ARVO 2026: Retinal neuroprotective role of Cav1

In this brief research spotlight, Olawale Bankole, a graduate student in the Department of Biochemistry and Physiology at the University of Oklahoma Health Sciences Center, discusses his work on retinal inflammation and neuroprotection. He focuses on major blinding diseases such as glaucoma, age-related macular degeneration (AMD), and diabetic retinopathy, all of which are strongly driven by chronic inflammation in the retina. Bankole explains that while inflammatory responses are initially protective, uncontrolled or excessive inflammation becomes detrimental and accelerates disease progression.

His research centers on caveolin‑1, a membrane-associated protein expressed in many cell types that plays a key role in modulating inflammatory signaling. In the retina, Müller glial cells show unusually high levels of caveolin‑1, but in a non‑canonical configuration. Bankole’s group discovered that this is linked to the absence of a “sibling” structural protein, cavin‑1/PTRF, which is normally required to form proper caveolae domains in the plasma membrane.
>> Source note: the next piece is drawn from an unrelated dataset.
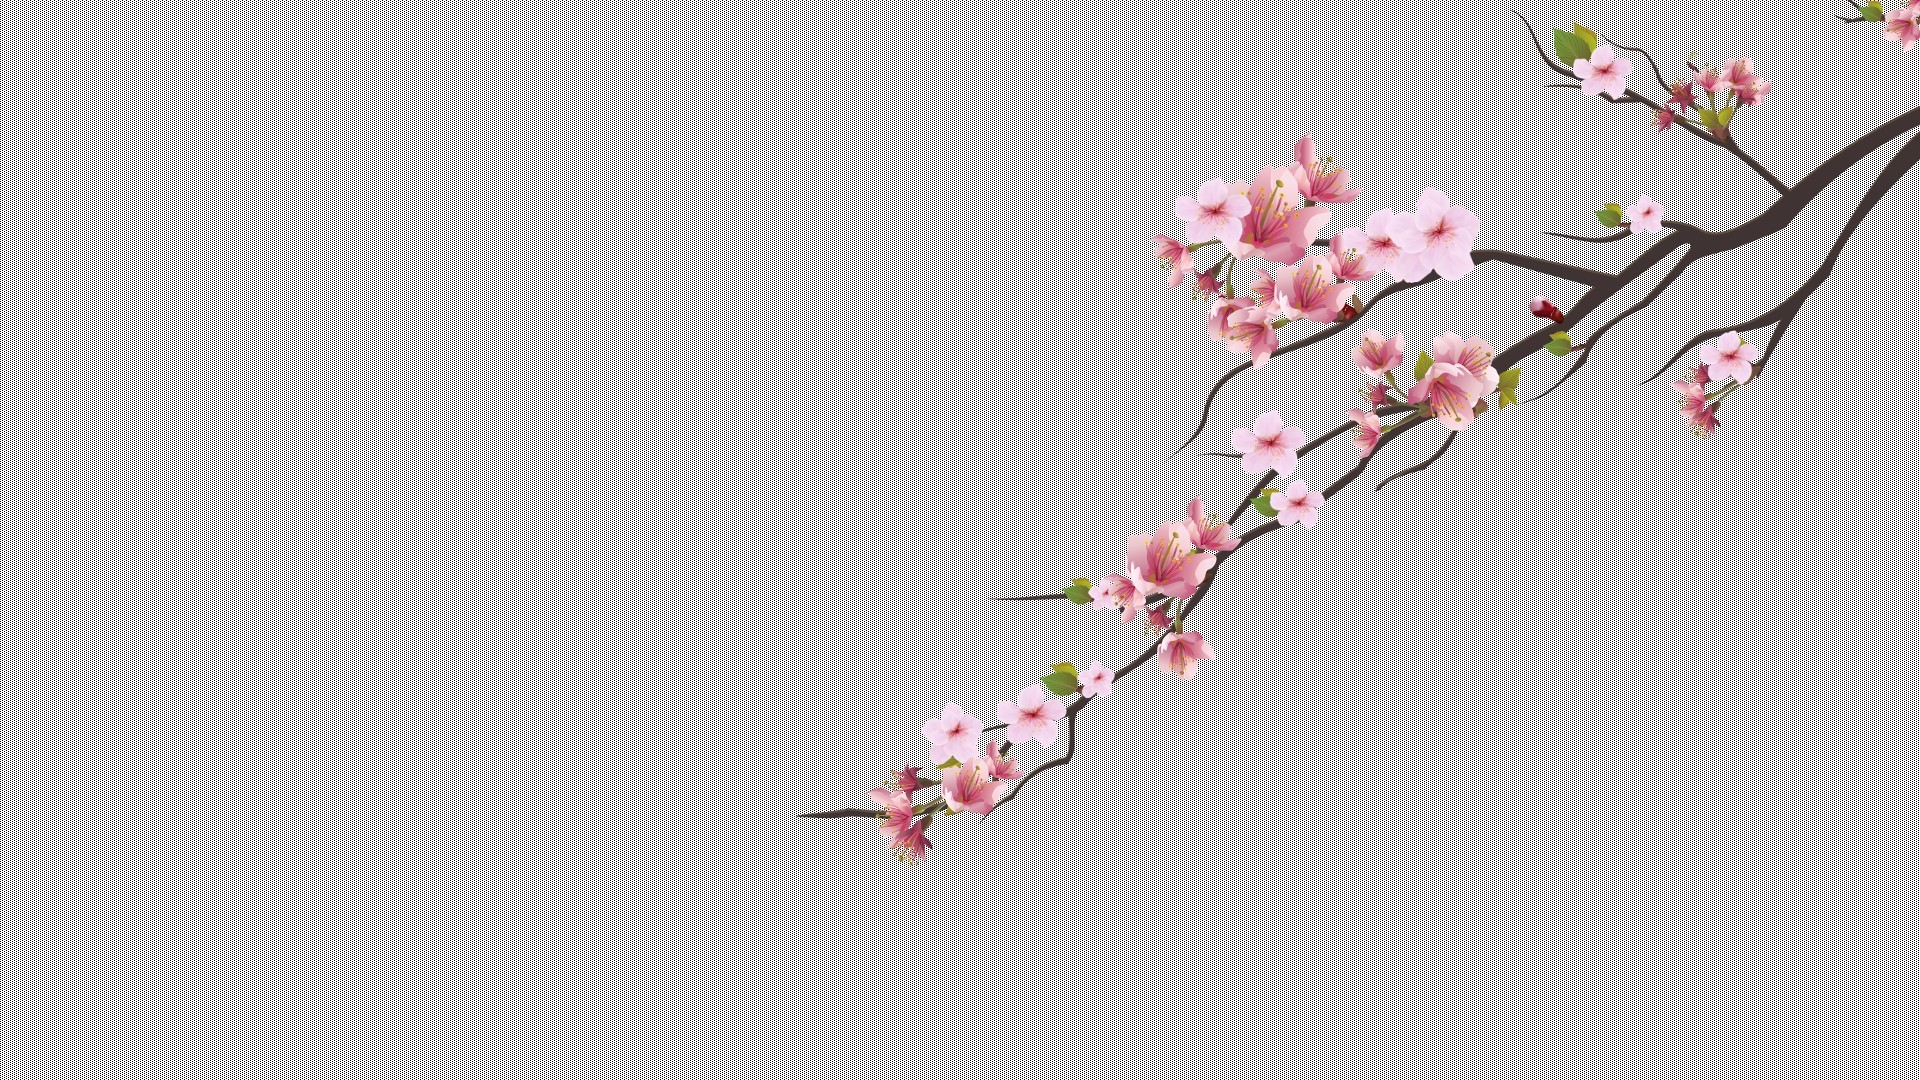 Women's Day Vector Flowers hd image download

By reintroducing cavin‑1 into these cells, the team can sequester caveolin‑1 into its appropriate membrane microdomains, thereby reducing its pro‑inflammatory activity. This strategy does not target a single receptor or pathway; instead, it acts at the level of the caveolar membrane platform that organizes multiple innate immune receptors. As a result, their approach is immune receptor–agnostic, enabling simultaneous down‑regulation of several inflammatory pathways at once. Bankole’s work highlights a promising avenue for broadly dampening retinal inflammation and potentially slowing the progression of multiple retinal degenerative diseases.